About stochastic gradient descent

ljh · September 16, 2021, 12:04pm

Graph attention network normally dose not support input to be a batch, I want to know that whether I can implement stochastic gradient descent by feed one data at one time, accumulate the loss and finally divide the loss by the batch_size that I define myself? Does it reach the same goal as input as a batch？
It should be like this:

### method1
batch_size = 64
loss_batch = 0
for i in range(batch_size):
    output = model(data)  # data.shape(224,224,3)
    loss = calculate the loss for the output 
    loss_batch = loss_batch + loss
loss_batch = loss_batch / batch_size
loss_batch.backward()

### method2
output = model(data_batch) # data_batch.shape(batch_size, 224,224,3)
loss_batch = calculate the loss for the output 
loss_batch.backward()

Dose the two methods reach the same goal?

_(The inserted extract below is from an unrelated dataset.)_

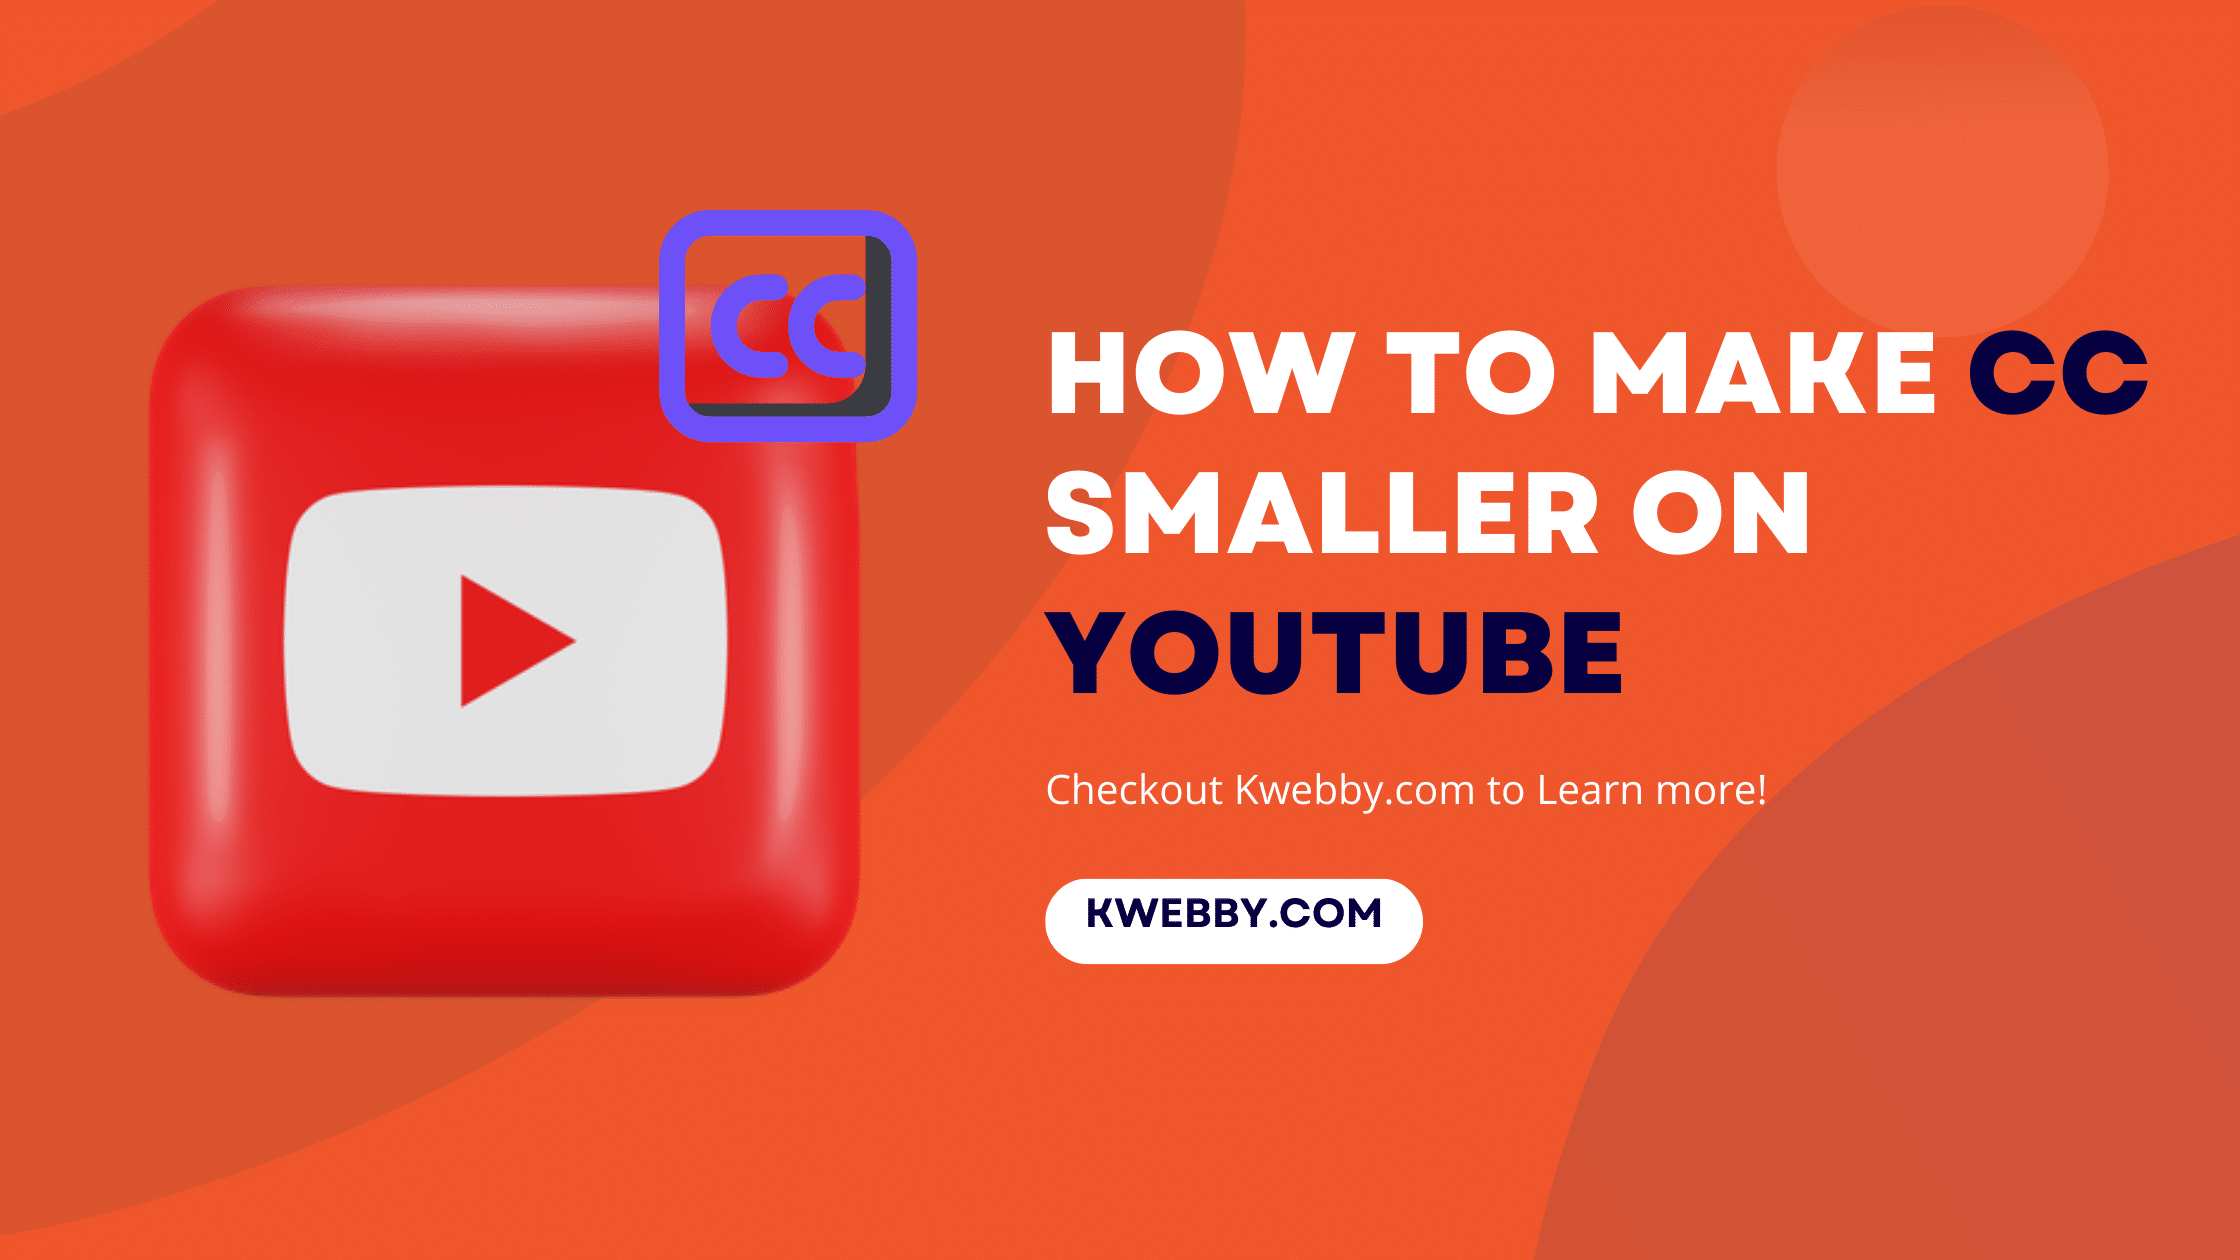 How to Make CC Smaller on YouTube in a Few Clicks

googlebot · September 16, 2021, 2:29pm

Yes, though your method1 is bad, it is better to accumulate gradients with loss.backward() in a loop, this releases “backward graphs”. But you should use method2, unless there are obstacles with some unimplemented batched operations.

ljh · September 16, 2021, 2:57pm

Thanks for your reply.
I still have one question though.
If I accumulate the gradients with loss.backward() for n times and update the parameters with one opt.step(). Is it equivalent to n times of loss.backward() and n times of opt.step() with batch_size = 1. Or one loss.backward() and opt.step() with batch_size=n?

googlebot · September 16, 2021, 5:20pm

if you do N optimizer ‘steps’, your forward() will use N different sets of parameter values, it is not an accumulation.

You also have to scale loss or gradients or LR if doing accumulation, to have an equivalent effect with batches.